Por Ernesto Pérez Castillo
El Wikilio que está estremeciendo al mundo, que desde hace semanas no nos deja dormir ni soñar, y que no hace sino crecer y engordar, ya no da para mucho ni para poco más.
La subtrama sigue siendo la puesta en blanco y negro de lo que hasta el último gato de cualquier tejado conocía desde hace mucho tiempo ya —que los yanquis espían y se dicen y desdicen sin compasión, y mandan a morir y a matar—, pero de lo cual ahora tenemos las pruebas al alcance de la mano (por supuesto, al alcance de la mano de quien tenga Internet de banda ancha y tiempo que perder en los entresijos de la red global).
Porque la trama verdadera, que si uno presume de informado es la que se lee en El País y en El Nuevo Herald y en la BBC y en The New York Times y en el resto de la bobería mundial, es que una sueca haciéndose la sueca se llevó a Assange a la cama y ahora lo demanda porque la pobre se quedó dormida mientras el australiano hacía como que le hacía el amor, o porque se le rompió el condón (¿antes, durante, después?) o porque después no le telefoneó, o porque se fue del apartamento sin darle tiempo a comentarle lo aburrida que le resultó la noche.
Y con eso los diarios hacen su agosto, y llenan las primeras planas con enormes titulares: que si Assange tendrá derecho a fianza o no, que si Assange será por fin extraditado a Suecia, que si después de Suecia los yanquis lo van a secuestrar para desaparecerlo en Guantánamo, que si esto, que si lo otro, que si patatí, que si patatá…
En fin, que a estas alturas del juego todo el que día a día lea los periódicos se estará preguntando, finalmente, qué va a pasar con Assange y espera comiéndose las uñas la continuación de la wikinovela del día después.
Pero, la gran pregunta, como siempre, es otra muy otra y a nadie se le ha ocurrido todavía, y esa es la idea. Justo para eso es que se vierten toneladas de tinta adormecida en los periódicos cada amanecer y se revientan de megabytes tantas y cuantas páginas webs.

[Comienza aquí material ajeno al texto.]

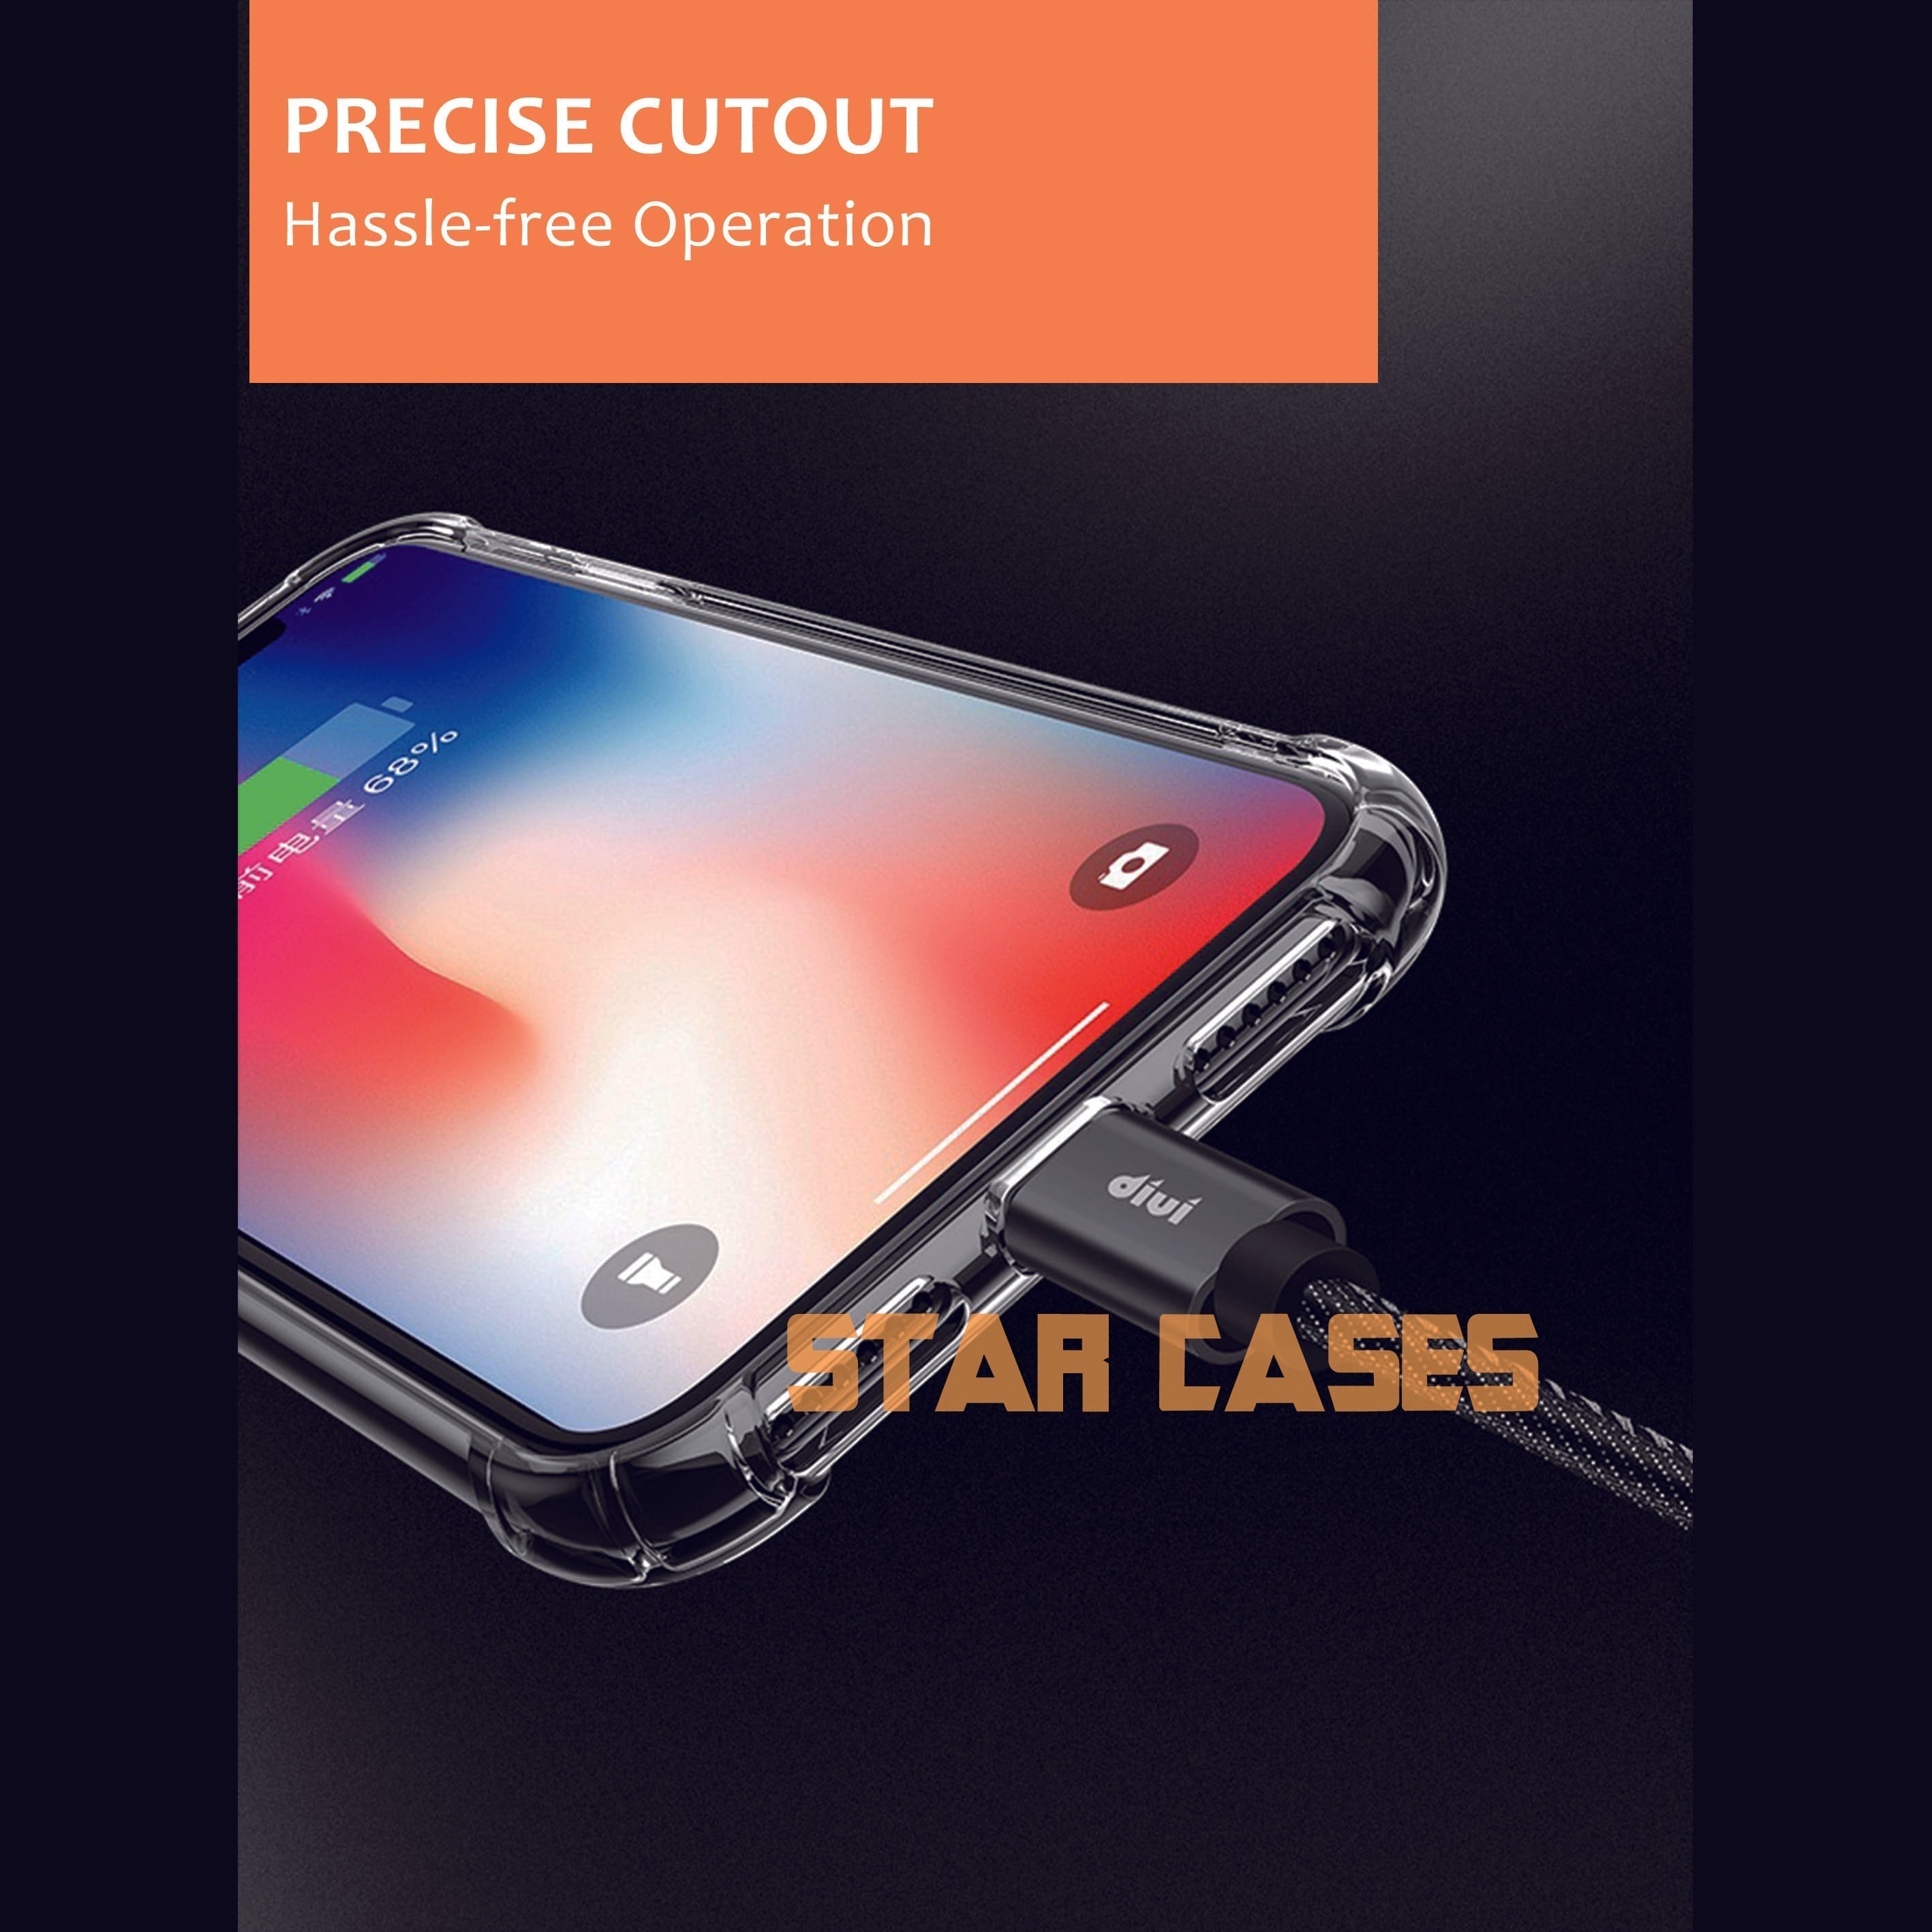 iPhone 11 ProMax Clear Soft Bumper Case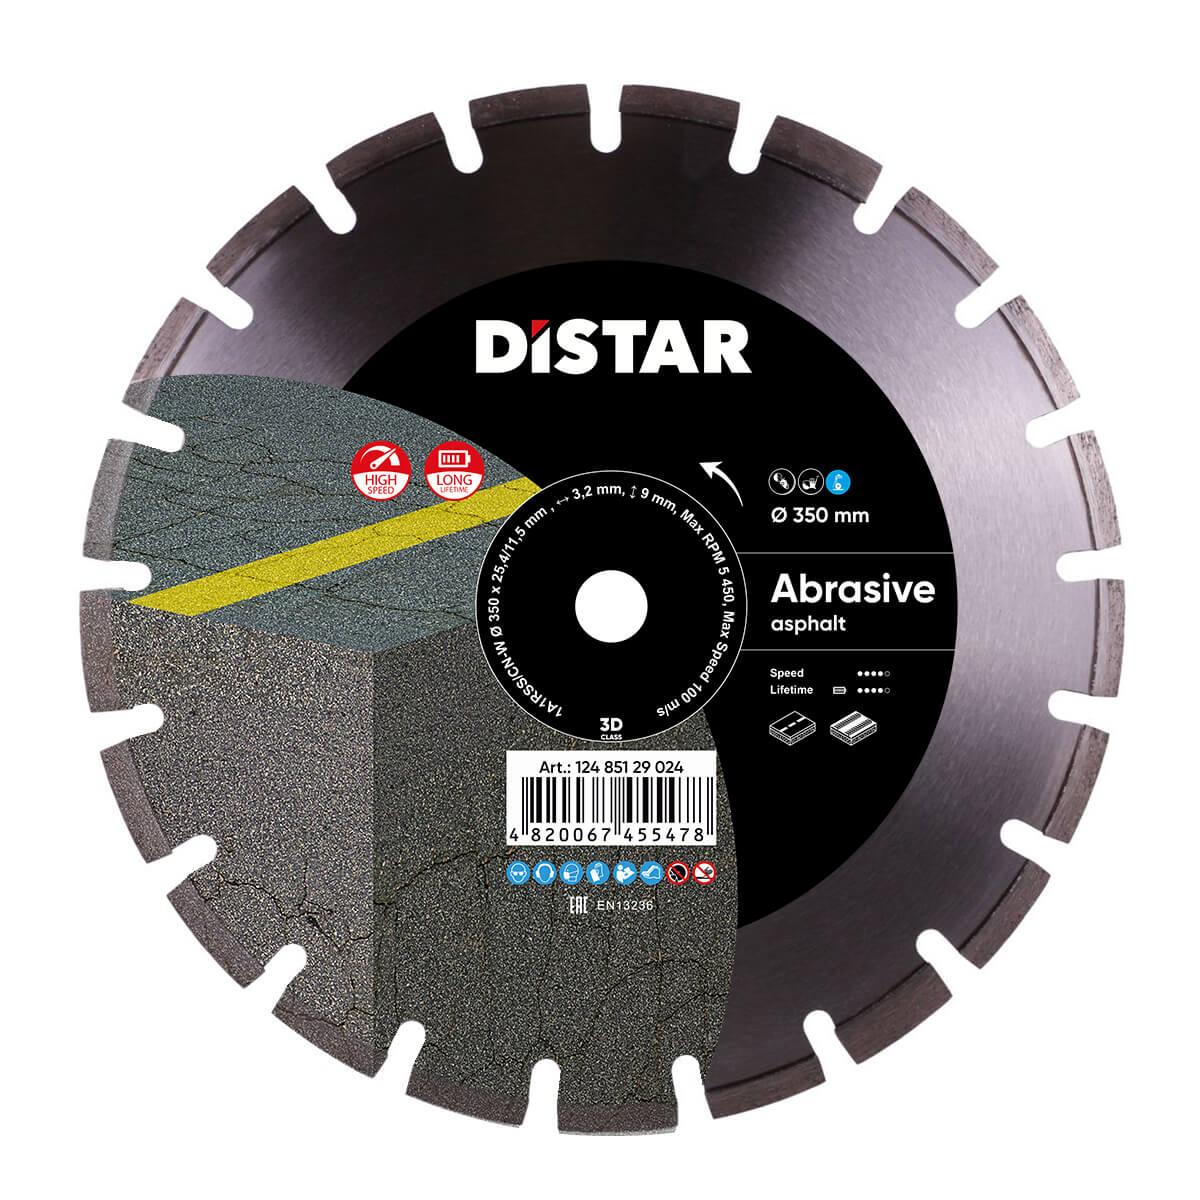 Диск алмазний по абразиву Distar 1A1RSS/C1-W Bestseller Abrasive 350x25.4x3.2 мм (12485129024)

Porque lo cierto, a diez de últimas, es que ahí están las pruebas mondas y lirondas de que doña Hillary Clinton se pasó por debajo de la falda todo el protocolo de la diplomacia internacional y dio la orden, firmada de su puño y letra, de conseguir, luchar, robar, espiar para que a como diera lugar le pusieran sobre la mesa de su despacho las huellas digitales, las secuencias de ADN, las contraseñas de correo, y todo aquello que pudiera serle útil para extorsionar, chantajear, manipular y presionar al resto de los diplomáticos del mundo mundial.
Entonces, con todo aquello pesando sobre la Clinton, salta la prensa a decir que Assange es un violador temible, y que el soldado yanqui que le regaló los documentos secretos es un homosexual que se sentía humillado. ¡Cuánta casualidad! ¡Qué manera tan creativa, inocente, sana y novedosa de defender a la Secretaria de Estado!
Porque en honor a la verdad, ¿a quién rayos le importa qué va a pasar con el chismoso Assange? La gran pregunta, la que los periódicos deberían hacerse y hacerle a la gente si fueran serios y sirvieran para algo alguna vez, no tiene que ver con el australiano salta camas ni con su soplón uniformado.
La gran pregunta, destapado el basurero imperial, y con todos los trapos sucios de Washington puestos al sol, a secarse sin lavar, es preguntarse, después de tantas normas rotas de medio a medio, con la Hillary Clinton, ¿qué va a pasar?
Y, ¿sabe usted?, nada, nadita de nada le va a pasar. Que la casa siempre gana, y esa, mal que nos pese, es toda la verdad.